# ideal hight of MH



## wfvanwielink (Feb 9, 2009)

hello guys,

here a question from Holland:

what is your opinion on the ideal hight of the fixture above waterlevel?

I run an 150watt aquamedic MH fixture above an 100x60x60(cm) tank

I am currently waiting for my Dennerle HQI bulb from my LFS.

greets and thanx,

Wouter van Wielink

Holland


----------



## gronk709 (Jan 31, 2009)

Hi. For me, there are two main considerations - heat and splash.

The intense heat from MH - especially for a smaller tank like yours means you will have a heat problem if the fitting is closer than about 30 cm as the beam will gradually heat the water. Not a big deal if the room is cooler than the tank, but in Summer when you are at work and the house is locked up might result in very high water temperature in the tank. I might even go a bit higher as the depth of the tank is not so great and the light wont be attenuated much by the air above the tank anyways. Do you have a glass cover on top ?? If so, then if you keep it very clean, the above advice still applies .

I assume you have a light cover to protect the MH bulb from splash. Unlikely to be an issue at 30 cm height (though still recommended) , but if you want to be closer to the water surface, then it is mandatory. 

Cheers


----------



## macclellan (Feb 28, 2007)

That's a good response. There is no specific answer, it depends on what you want. You made no mention of plant types, density, desired results, etc. These may affect the proper distance. 
I'd start with 10"-12" and vary from there depending on what you see in your plants and tank temp.

cheers,
joel


----------



## wfvanwielink (Feb 9, 2009)

Thanx guys for the reply's

I am planning to keep discus in a heavilly planted tank, so the temperature is not a very big issue(for the discus).
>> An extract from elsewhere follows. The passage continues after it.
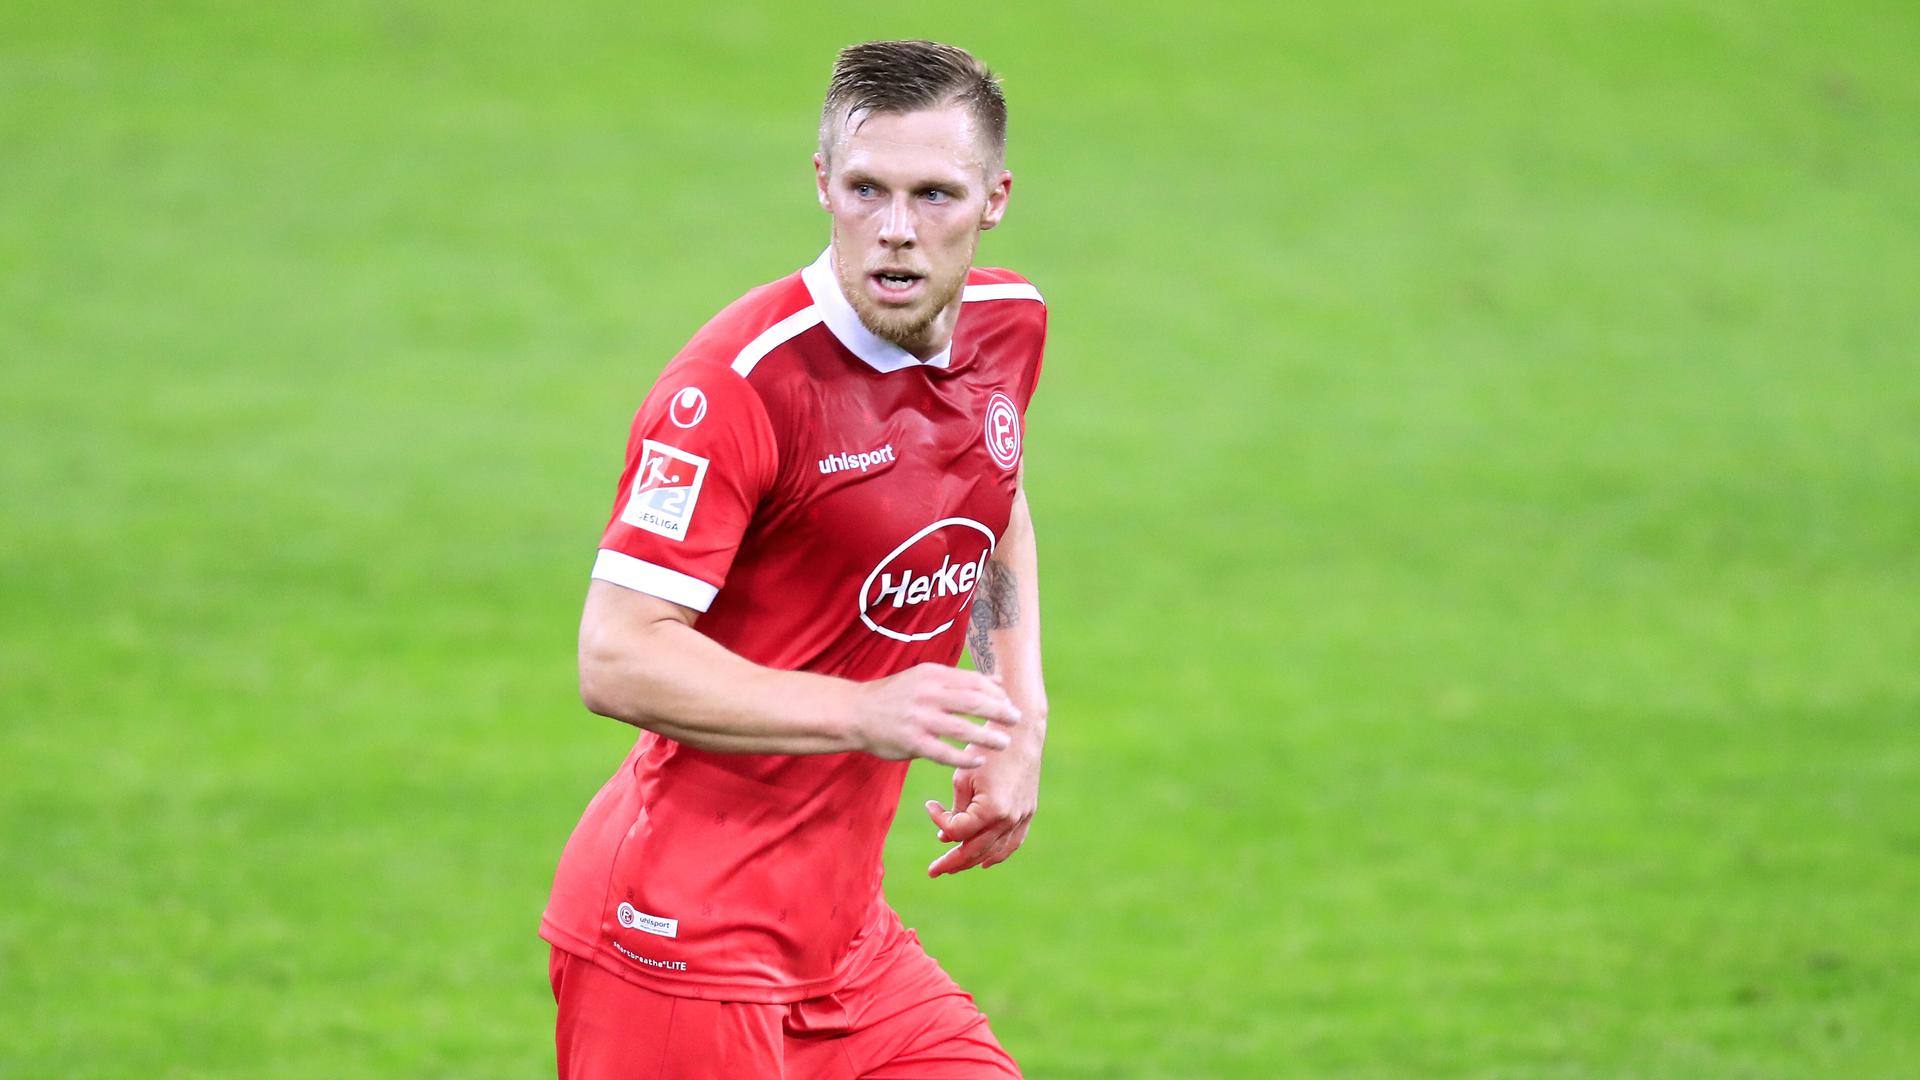 Immer auf der Lauer: Düsseldorfs Stürmer Rouwen Hennings ist auch mit 33 für jede Zweitliga-Abwehrreihe en unangenehmer Gegner. 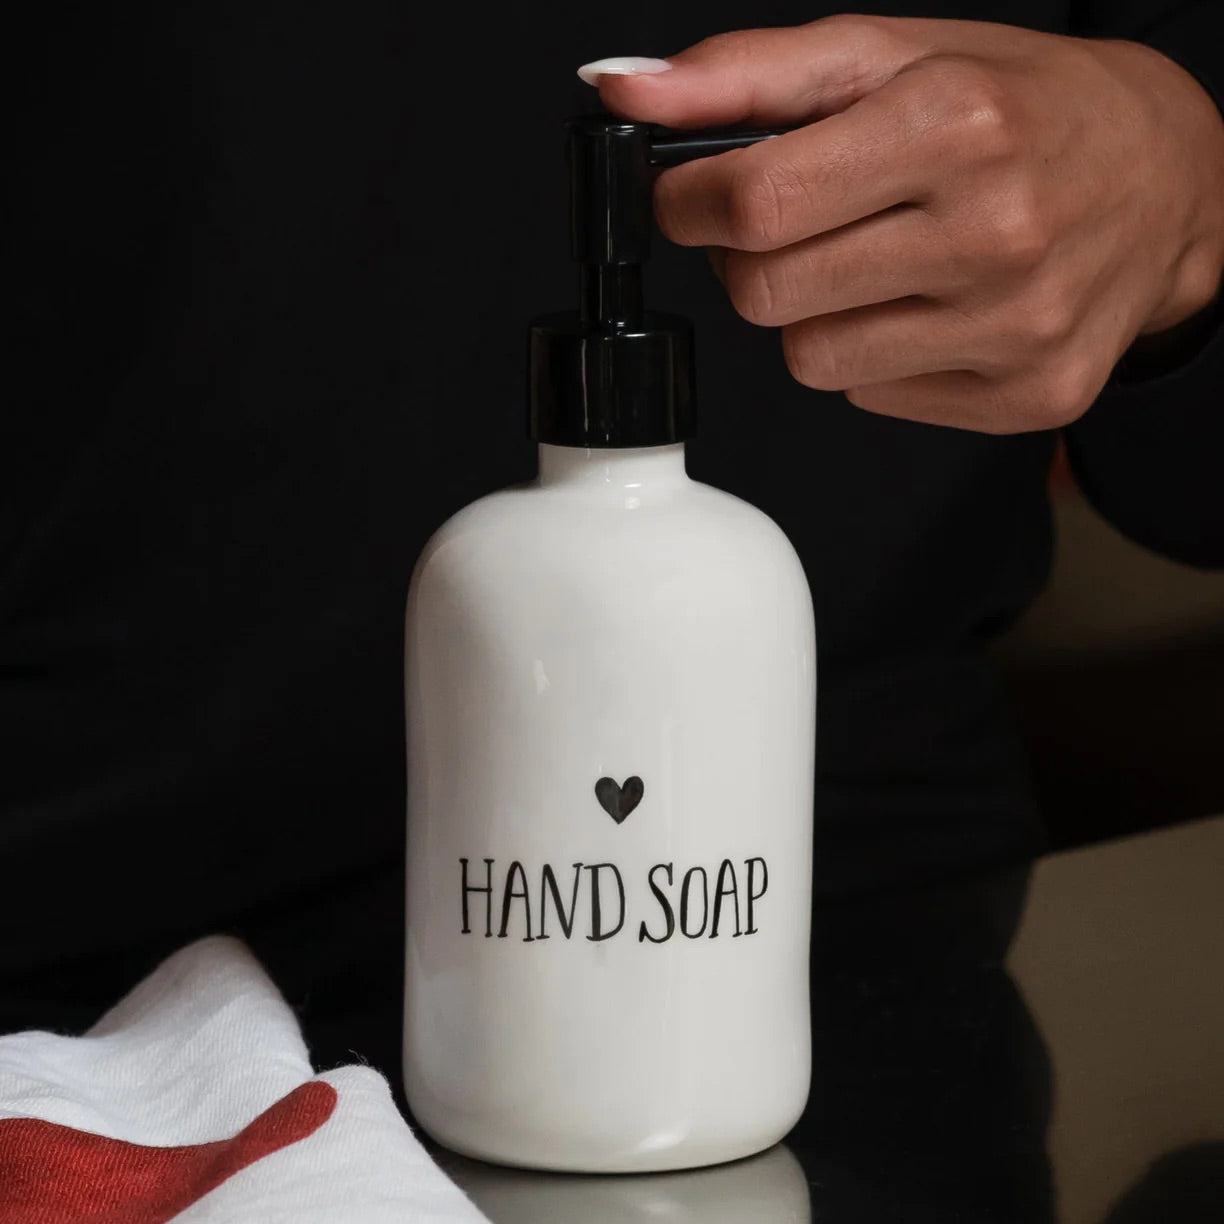 Dosasapone Hand Soap

There is an thoughned glass cover on the fixture so i am not worried aboud splas water also.

What i am scared of is "burning" some waterplants. I used to run an saltwater tank, that meant that my corals tendet to burn (bleached) closer to the surface.
Do waterplants suffer from the light intesity or do they just love it? (depends a bit on plant specimen i quess?)

thanx,

wouter


----------